Trotzdem erkannte sie, dass zwei Anthros – Fleck und Brille – nebeneinander über einer dunklen zusammen gekrümmten Gestalt saßen. Vielleicht war es etwas zu essen. Unter Schmerzen kroch sie zu ihnen hinüber.

Es war Linkshänder, der mit gespreizten Gliedern flach am Boden lag.

Die sengende Sonnenhitze hatte ihm den Garaus gemacht. Das weiße Fell am Kopf und im Nacken war fast völlig verschwunden. Das Fleisch war an den Knochen verschmort. Streuner sah die Konturen des Schädels, der filigranen Handknochen, der Füße und des Beckens. Die nackte Haut hatte sich purpurn und grau verfärbt und war mit großen Blasen und Streifen überzogen. Die Lippen waren zu dünnen Strichen aus schwarzem Gewebe geschrumpft, sodass die Zähne und der rissige Gaumen zu sehen waren. Der Rest des Gesichts war ebenfalls schwarz und vertrocknet, als ob es verbrannt wäre. Das Fleisch um die Nase war verschrumpelt, sodass die kleinen, seitwärts gerichteten Nasenlöcher gedehnt wurden und die schwarze Innenseite der Nase nach außen gestülpt wurde. Die Lider waren auch geschrumpft, wodurch die Augen unablässig in die Sonne starrten. Die Bindehaut, die die Augen umspannte, hatte sich pechschwarz verfärbt. Bei der vergeblichen Suche nach Nahrung hatte er an der Rinde gekratzt und Hände und Füße aufgeschnitten. Aber es war kein Blut zu sehen; die Schnitte waren wie Kratzer in gegerbtem Leder.

Aber er war noch bei Bewusstsein und stieß raue, leise Schreie aus. Dann drehte er leicht den Kopf und spreizte die Finger der kräftigeren linken Hand.

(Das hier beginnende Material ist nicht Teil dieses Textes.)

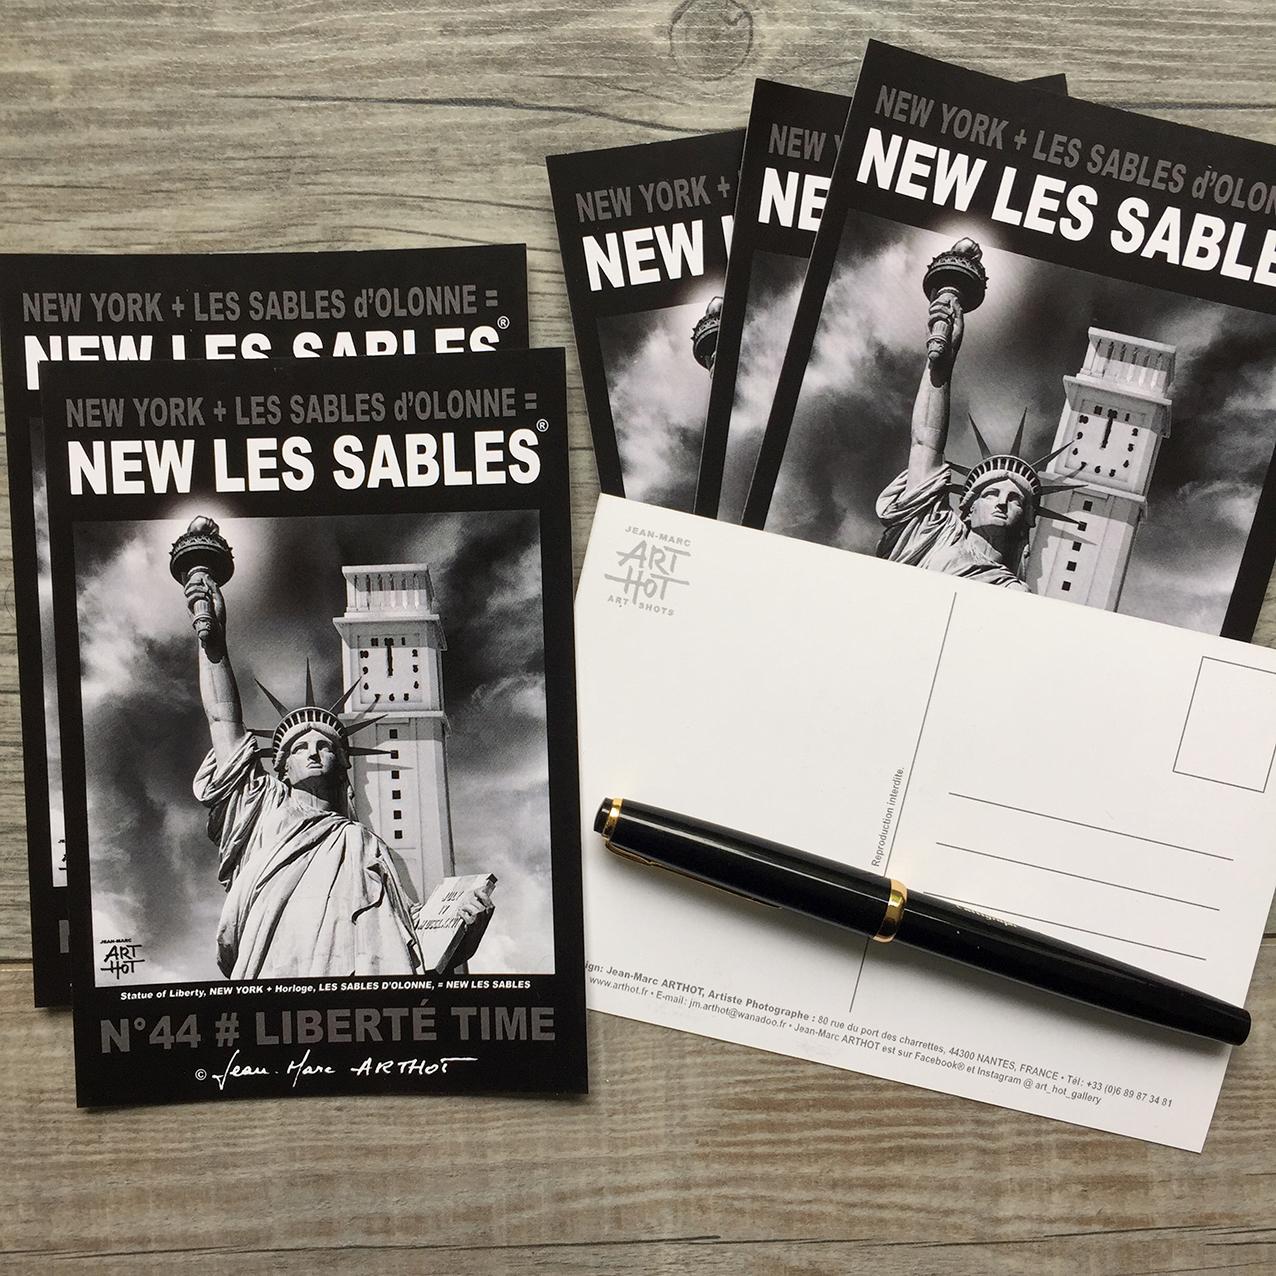 LOT D - 5 CARTES POSTALES - NEW LES SABLES - Liberté Time

Ohne Nahrung und im Bestreben, die lebenswichtigen Systeme so lang wie möglich am Laufen zu halten, hatte Linkshänders Körper sich selbst verzehrt. Als das Fett aufgebraucht war, wurden die Muskeln angegriffen. Dadurch waren wiederum die inneren Organe beschädigt worden, die schließlich den Dienst einstellten.

Doch in diesen letzten Momenten verspürte Linkshänder keinen Schmerz. Sogar das Hunger- und Durstgefühl war verschwunden.

Streuner schaute benommen und verwirrt zu. Es war, als ob sie ein lebendiges Skelett betrachtete.

Schließlich verstummten Linkshänders unheimliche Rufe. Die ausgestreckten Finger erstarrten in dieser finalen Geste.

Der geschrumpfte Magen rumorte, und ein letzter Rülpser entwich dem leblosen Mund.

Streuner schaute die anderen trübe an. Sie waren selbst nur noch Haut und Knochen, nicht viel besser dran als Linkshänder und kaum noch als Anthros zu erkennen. Sie unternahmen keine Anstrengungen mehr, sich zu kämmen oder überhaupt einen Kontakt herzustellen. Es war, als ob die Sonne alles ausgebrannt hätte, was sie zu Anthros machte und sie aller Errungenschaften beraubt hätte, die sie in dreißig Millionen Jahren der Evolution mühsam erworben hatten.

Streuner wandte sich ab und humpelte unter Schmerzen in die Deckung ihres Nests zurück.

Sie lag reglos da und bewegte sich nur, um den Schmerz der schwärenden Wunden zu lindern. Ihr Bewusstsein schien leer, bar jeder Neugierde. Sie existierte nur noch in einem reptilienartigen Dämmerzustand. Sie stopfte sich den Mund mit Rinde und trockenem Laub voll, aber die tote Materie kratzte nur am Gaumen.